Dear Friends, Merry Christmas to each and all of you from the SOLI Community! We pray that you and your families all enjoyed a blessed and grace-filled celebration of Our Savior's birth and that this coming New Year draws you all ever closer to the Lord who loves each of you, His children, so deeply.

Christmas is always a beautiful experience here in the house of the King. All the little special events we have, as we move closer to the great day, add to the anticipation in our hearts to greet the Divine Infant at His coming among us.  During the last week leading up to the Solemnity, the sisters prepared the children from our Family Catechism Program, Blessed Sacrament Parish Saturday Morning Catechism program, as well as the seniors in our Retirement Home, to present Christmas Pageants for their families and friends. The faces of the young and not so young were radiant as they took part in sharing the joyous story of Our Divine Savior's birth.

The Sisters were also given a surprise gift from some dear friends who are members of the Kitchener-Waterloo Grand Philharmonic Choir ~ twelve free tickets to attend their performance of Handel's Messiah! Later that week, about twelve of the choir members came to Marian Residence to sing for our dear seniors. The little choir proudly calls itself the "Granny Group" and have been coming to sing here for about ten years. It is always an evening enjoyed by residents and sisters alike. This year we also had a little surprise for them! ~ the sisters joined them in singing Handel's Hallelujah Chorus for the residents! Look out! Nun flash-mob!!
Through the kindness of the Galt Kiltie Band here in Cambridge, the Sisters were able to borrow some wind instruments to form for Christmas the SOLI Sisters Ensemble...tuba, french horn, clarinet, flute, violin and yes, even a saxophone! The sisters shared their gift of music at our volunteer appreciation party as well as the Marian Residence staff dinner, and Christmas dinner for our Seniors.  
With all the waiting now over, the Holy Season began with the celebration of early evening Mass for Christmas in the Marian Residence chapel at seven in the evening with our Seniors.Our dear and faithful friend, Father Tim Higgins came to offer the Mass and the seniors joined the sisters to sing the Missa de Angelis that night. Shelby, our youngest postulant, had the privilege to carry the Infant Jesus statue in the entrance procession and place him in the wooden manger of our nativity scene in the front of the chapel. After Mass, the young sisters all gathered around our Newborn King to welcome him once again and to express their love for Him in the silence of their hearts.

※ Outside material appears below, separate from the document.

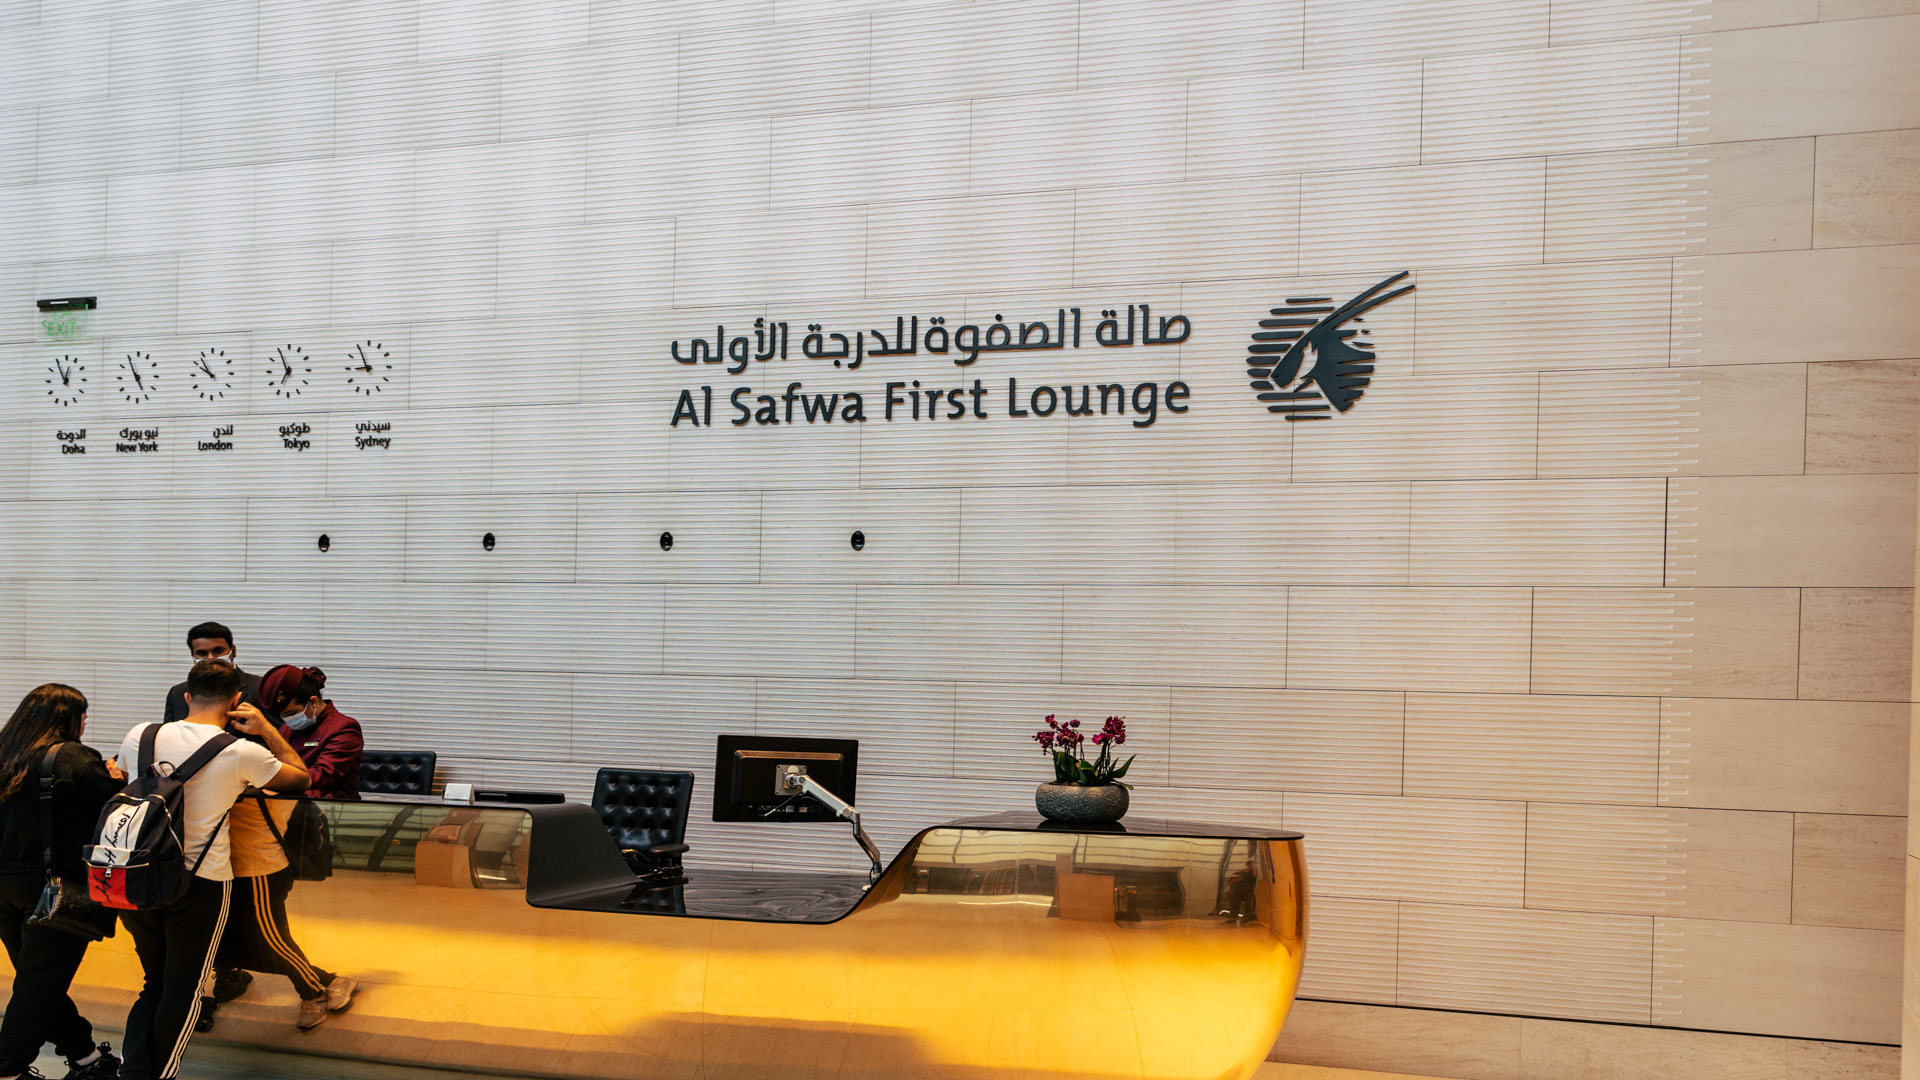 Qatar Airways Al Safwa Lounge side entrance
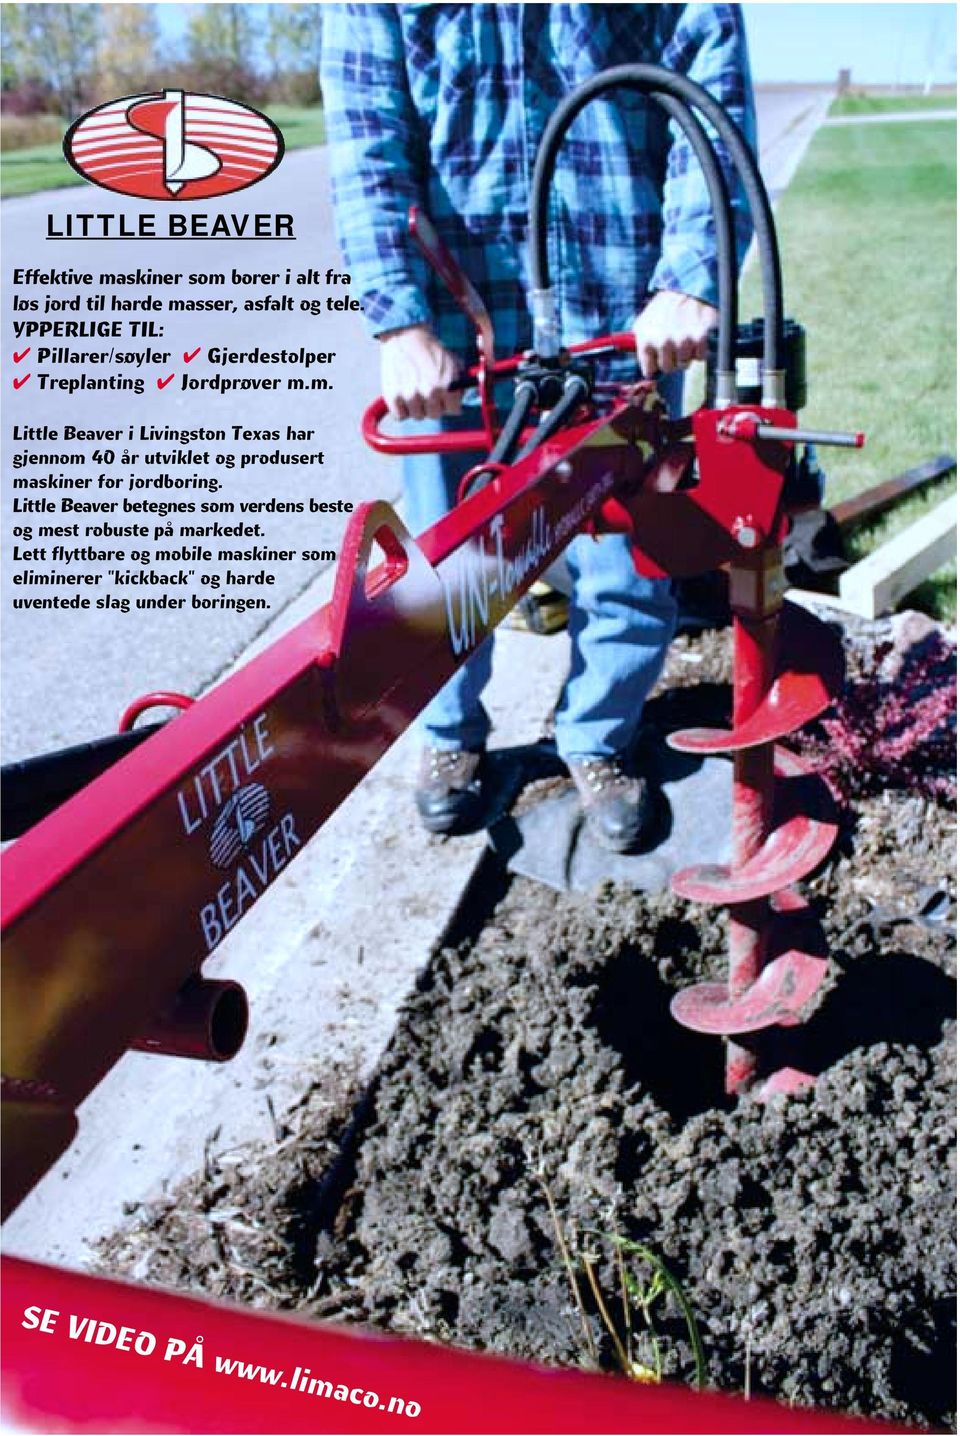 m. Little Beaver i Livingston Texas har gjennom 40 år utviklet og produsert maskiner for jordboring.

Following Mass a little Christmas party was had with the seniors. More excitement began to build as the sisters prepared to attend Midnight Mass ...Gloria in Excelsis Deo!!! He is born!! The King of Kings and Lord of Lords! At Blessed Sacrament Parish, where some of the sisters went that night, His Excellency Bishop Ustrzycki  celebrated the Holy Mass together with Fathers Lobsinger and Raj. When the sisters returned home the community had their own Christmas celebration together into the wee hours of the night sharing the joy of the Savior's birth together. Merry Christmas!!

Monday, December 12, 2011

Happy Feast of Our Lady of Guadalupe!

Thursday, December 8, 2011

SOLI Patronal Feast Day Celebration

A blessed Solemnity of the Immaculate Conception of the Blessed Virgin Mary to you all! Today we joyously celebrated our Community's Patronal Feast. It is always wonderful to spend this day meditating on the tremendous gifts of grace bestowed upon Our Lady, especially her Immaculate Conception, being preserved from Original Sin from the very moment of her existence in the womb of her mother St. Anne, through the merits of the redemption her Divine Son would gain for us all through His life, death and resurrection.  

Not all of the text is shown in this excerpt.